### The task
This exercise calls for retyping every line below exactly, with the images omitted.

### Provided material
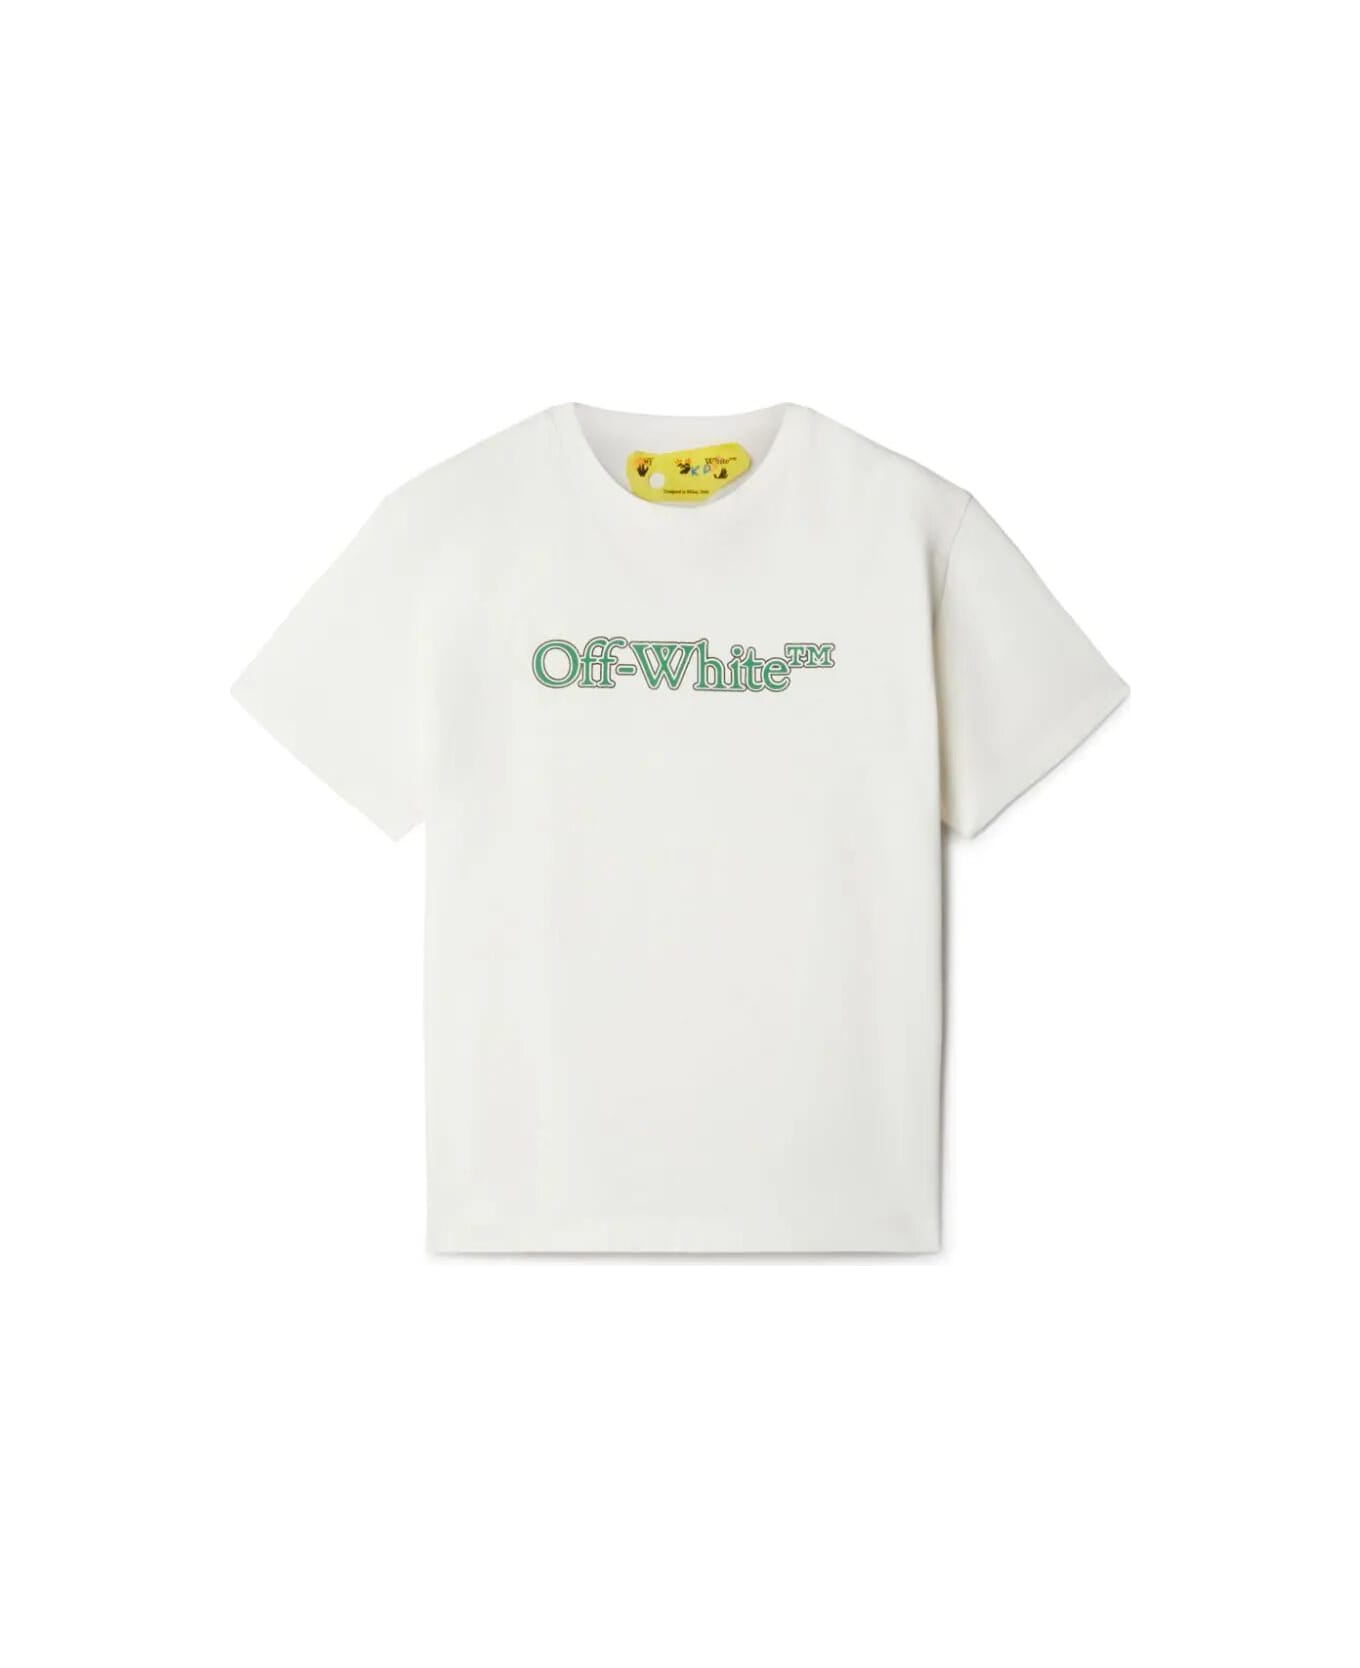 Off-White Big Bookish Short Sleeves T-shirt - White Green Tシャツ＆ポロシャツ
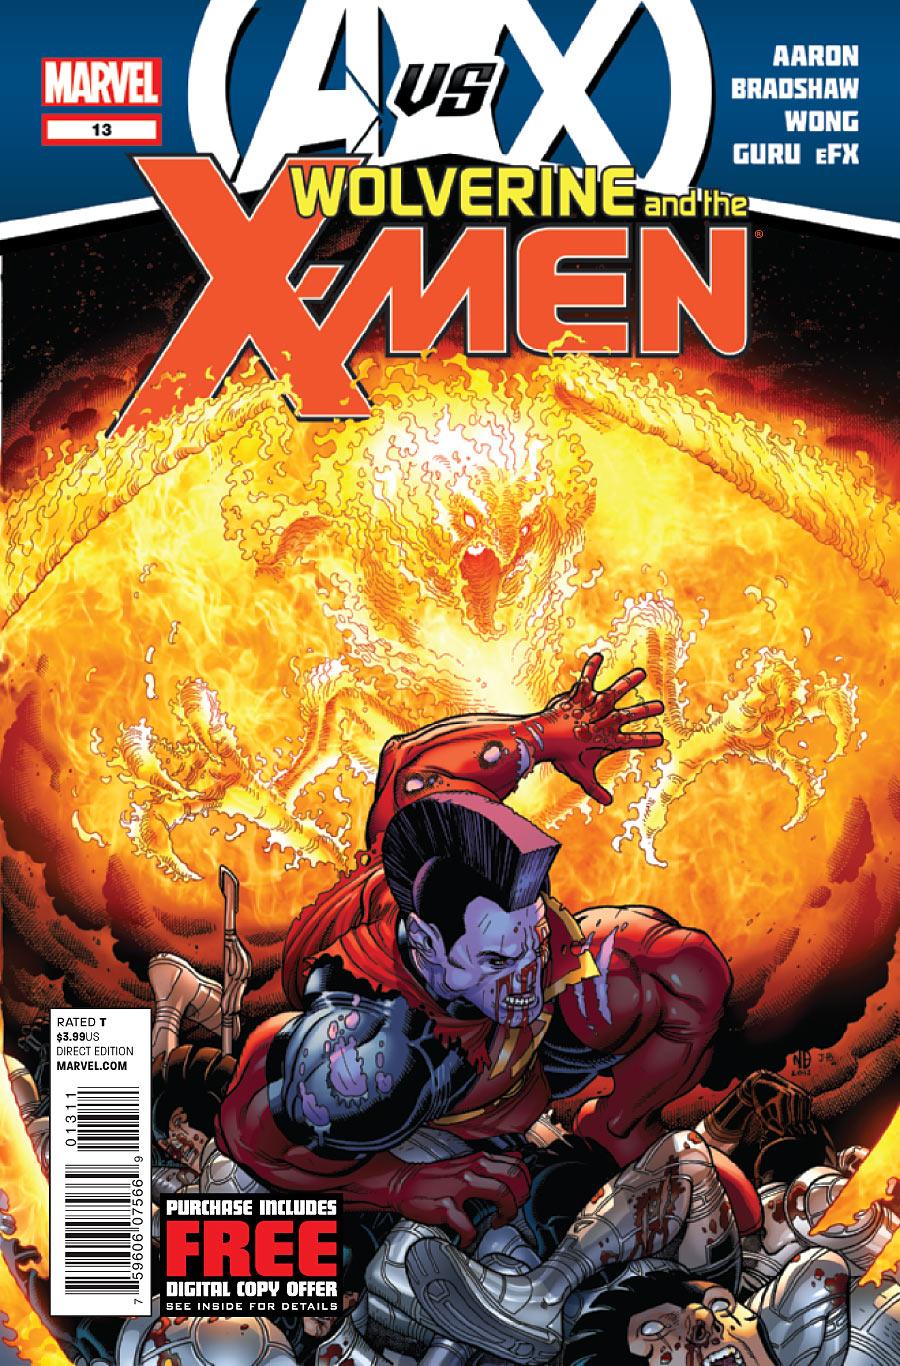 Wolverine and the X-Men Vol. 1 #13
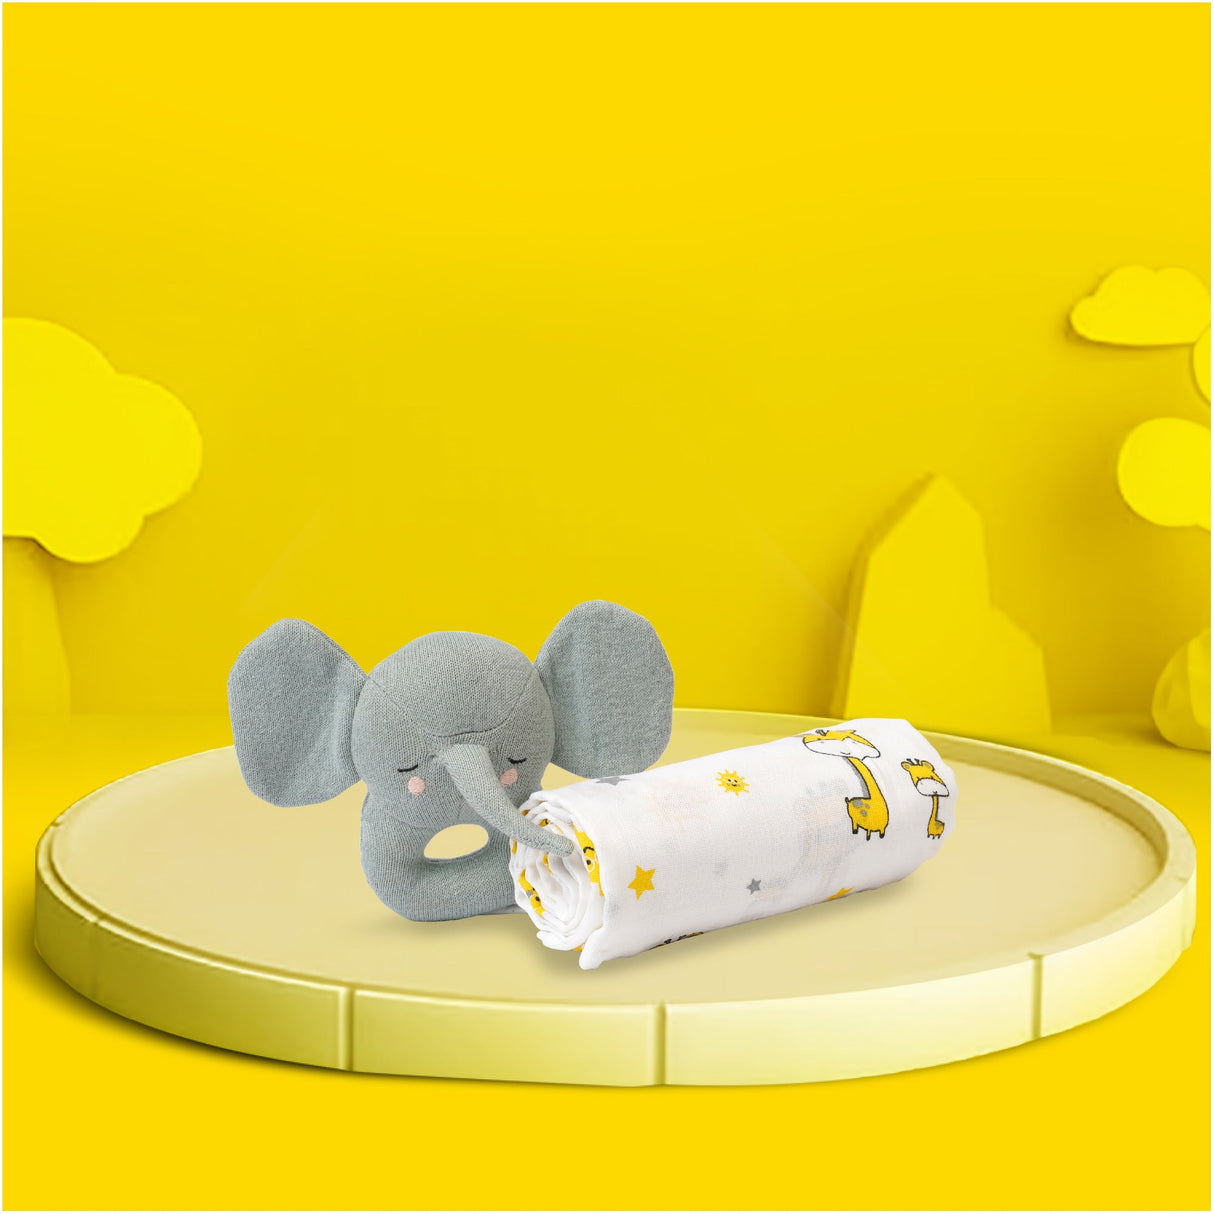 New Baby Gift set - Baby Swaddle and Rattle Gift Set

### Output of the exercise
 Off-White Big Bookish Short Sleeves T-shirt - White Green Tシャツ＆ポロシャツ
 Wolverine and the X-Men Vol. 1 #13
 New Baby Gift set - Baby Swaddle and Rattle Gift Set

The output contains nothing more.